West Virginia Charter School Board Joins National Lawsuit

[The Intelligencer] West Virginia Charter School Board Joins National Lawsuit

CHARLESTON – West Virginia’s Professional Charter School Board is joining with other state charter school groups in a federal lawsuit over how the federal government provides grant funding.

The Professional Charter School Board signed onto an amended complaint filed Nov. 6 in the U.S. District Court for the Western District of Michigan, joining the Michigan Association of Public School Academies, the Thomas B. Fordham Institute, the Delaware Charter Schools Network and the North Carolina Coalition for Charter Schools.
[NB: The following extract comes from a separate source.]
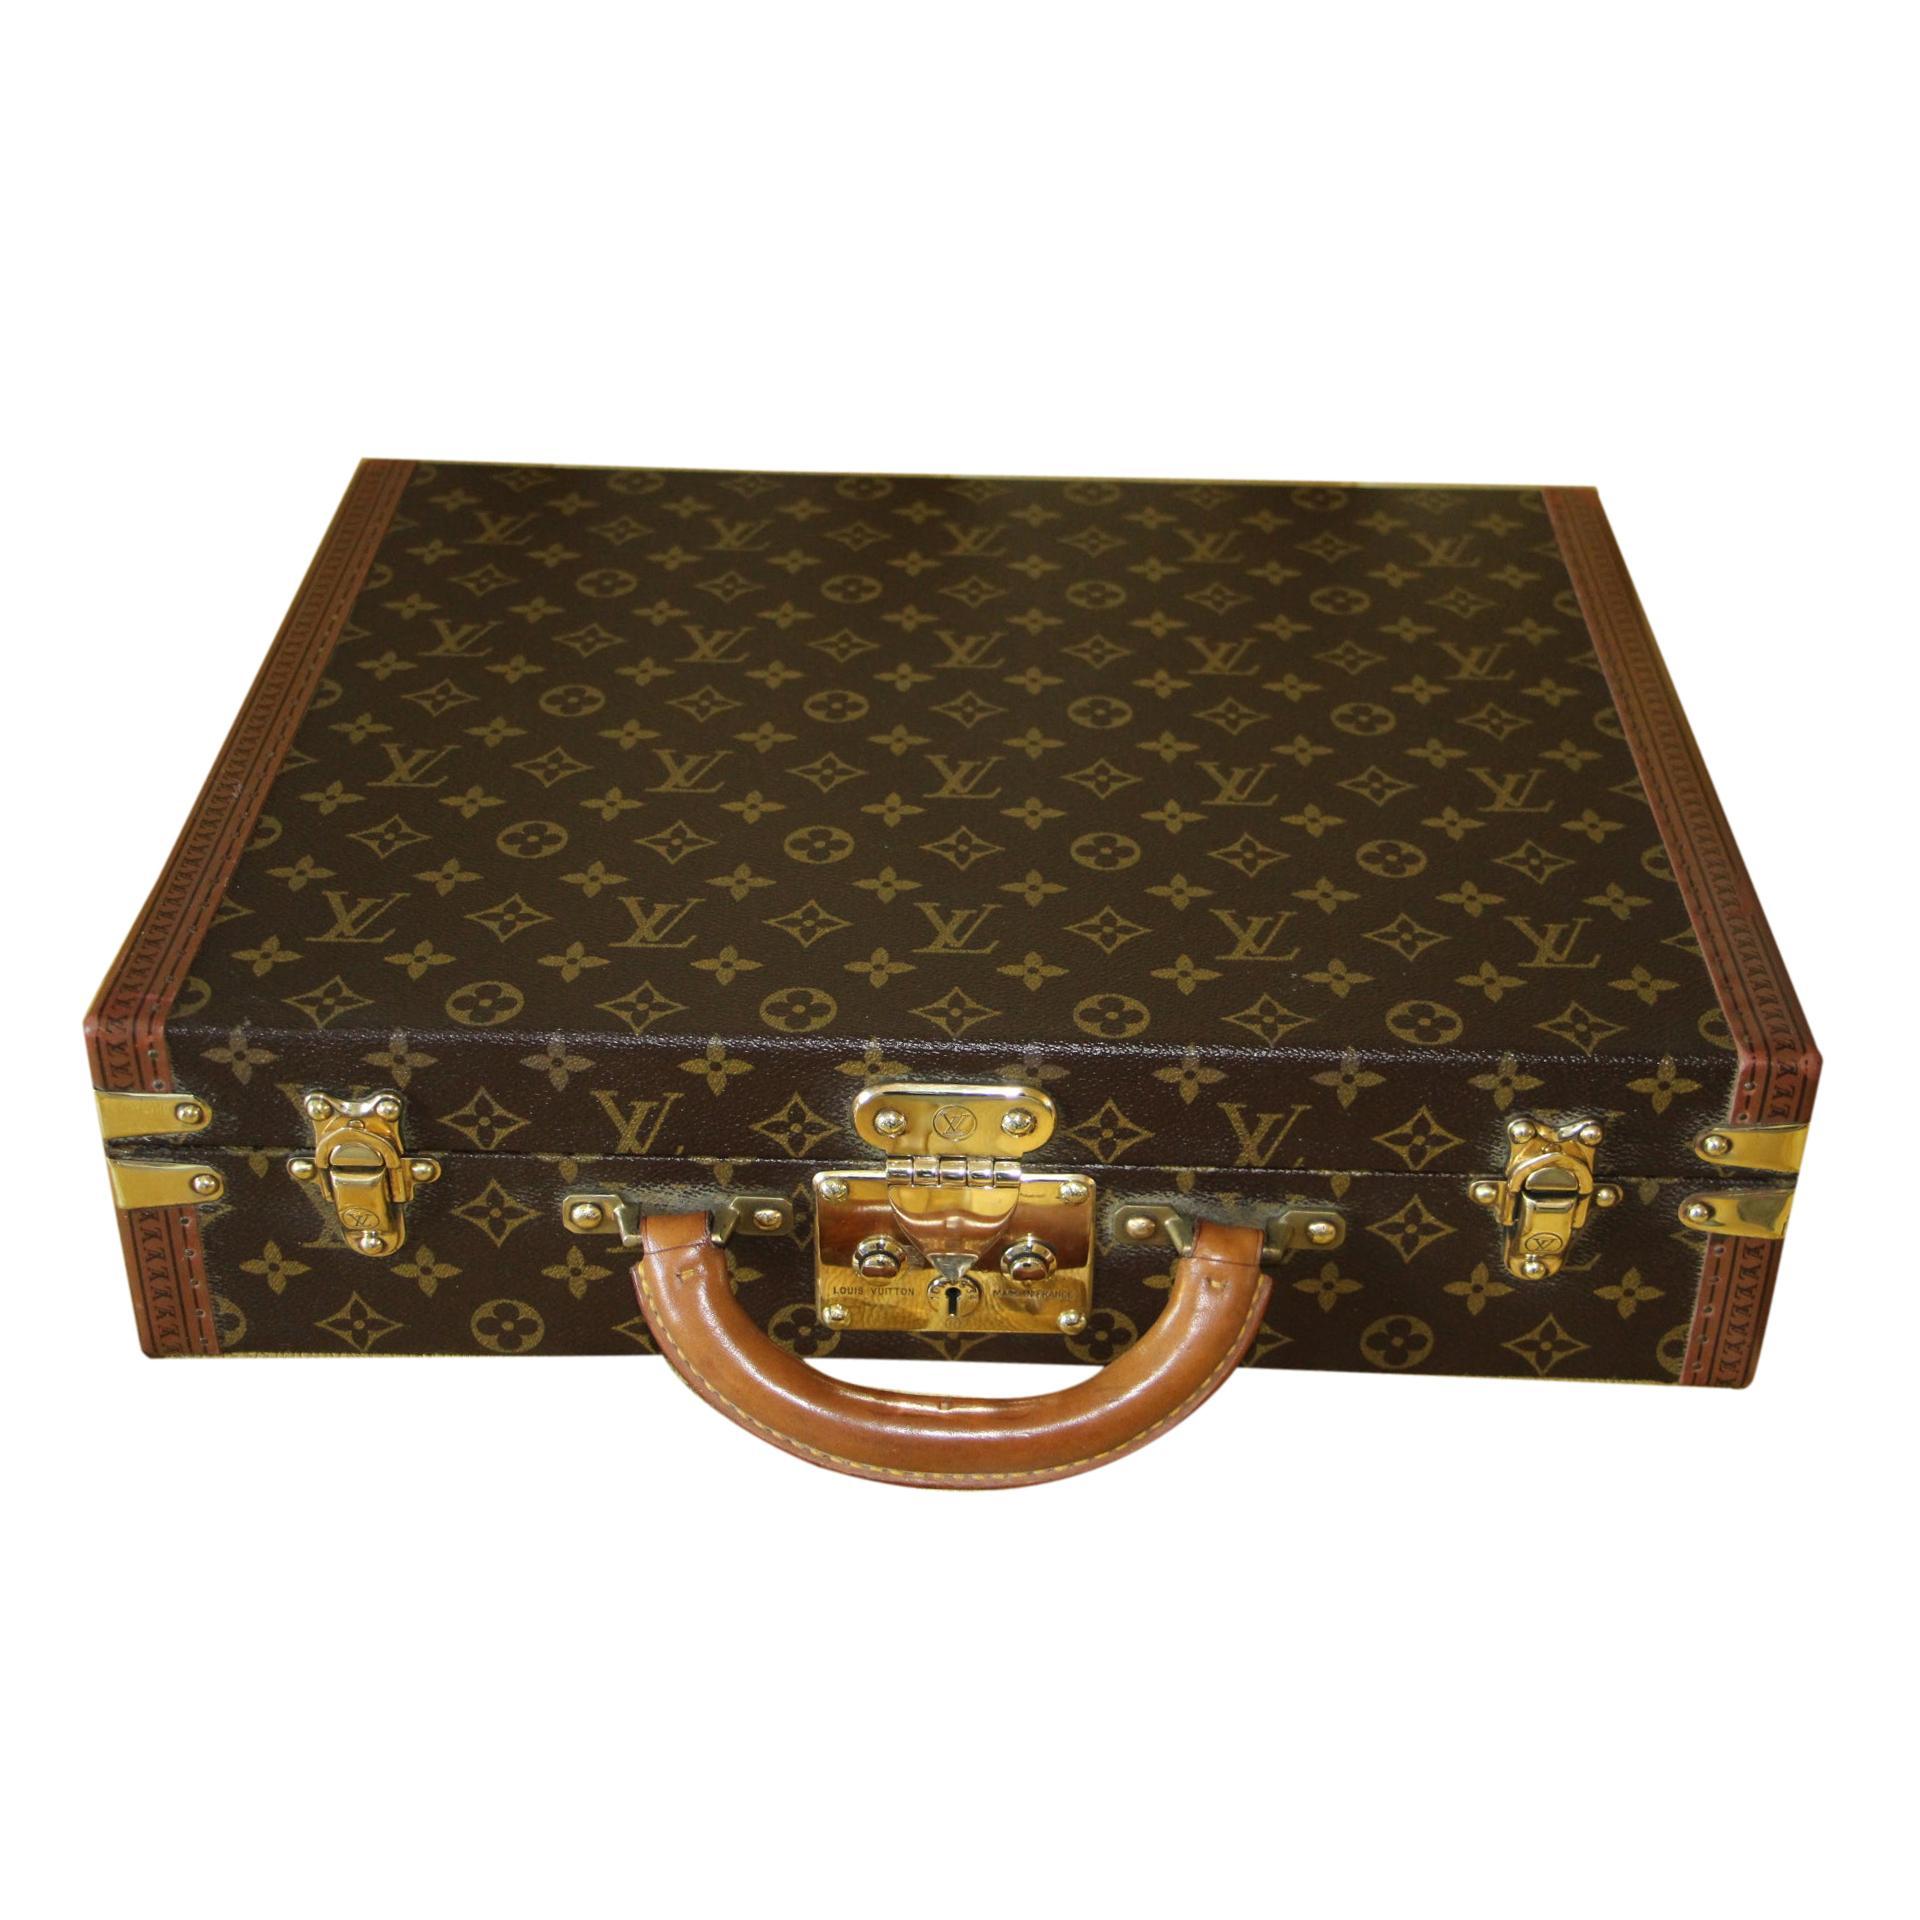 Louis Vuitton Monogramm Briefcase, Louis Vuitton President Case

The groups, represented by the libertarian Pacific Legal Foundation, are suing U.S. Department of Education Secretary Miguel Cardona and Ruth Ryder, deputy assistant secretary for policy and programs in the department’s Office of Elementary and Secondary Education.

The groups are challenging an administrative rule for federal grant programs for state charter school programs. They allege these new rules are designed to harm or decrease the number of charter schools nationwide.

The Pacific Legal Foundation is seeking an injunction blocking the implementation of the rule and a declaratory judgment setting aside the rule.

“The department’s attack on the charter school program it is tasked with administering is unlawful,” wrote Pacific Legal Foundation attorney Caleb Kruckenberg. “Not only does the department lack the authority to issue any new criteria; the proposed factors will punish the most successful charter school programs, particularly in school districts that enroll large numbers of minority students.

“All the while, the rule comes from an agency employee and lacks even the blessing of a properly-appointed officer of the United States,” Kruckenberg continued. “The Department’s sneak attack on the charter school program, and on the students caught in the middle, must be set aside by this court.”

The federal Charter School Program, established in 1994 under former President Bill Clinton, provides grant funding for new and existing state charter school programs. The program was expanded in 2015 under former President Barack Obama.

Earlier this March, the Department of Education filed a new administrative rule detailing how it planned to award more than $440 million appropriated by Congress for the Charter School Program. During a public comment period, the Pacific Legal Foundation took issue with the proposed rule, accusing the process as invalid.

“Notably, the comment objected because the department ‘has no authority to issue additional selection criteria,’ as the act ‘includes no provision allowing the secretary to designate additional criteria or priorities for awarding grants,'” Kruckenberg wrote. “The comment also argued that the ‘proposed rule was not issued by an officer of the United States, and thus any final rule that might result would proceed from an invalid action.'”

New requirements for charter schools to receive grant considerations include developing collaboration plans with public schools and proving a need in the community for the charter school, such as over-enrollment in the local public school system. Charter schools also must not exceed the racial balance that exists in the communities where the schools are.

The PCSB has been in existence for more than a year now, created by House Bill 2012 during the 2021 regular session. House Bill 206 passed by the Legislature in 2019 created the state’s first public charter school pilot program.

West Virginia’s first charters, the Monongalia County-based West Virginia Academy and the Eastern Panhandle Preparatory Academy, opened brick-and-mortar schools earlier this fall with two additional schools likely being approved by the PCSB next week. The state also opened two virtual charters, the West Virginia Virtual Academy and the Virtual Preparatory Academy of West Virginia. But the PCSB has not received a federal CSP grant.

“Without access to CSP funds, public charter schools in West Virginia have a real risk that they will not be able to operate or open as planned,” Kruckenberg wrote. “The new rule will disadvantage some or all of the schools overseen by WVPCSB in competition for CSP funding because school districts in West Virginia are not over-enrolled, and traditional public schools in the relevant communities have not shown a willingness to cooperate with charter school programs.”

“The new rule will also disadvantage the schools overseen by WVPCSB concerning the grading of the ‘quality of the needs analysis’ requirement as they will not be able to demonstrate a ‘sufficient demand’ for the charter schools based on enrollment numbers in existing public schools,” Kruckenberg continued. “Many of the traditional school districts in West Virginia have ample space for new students.”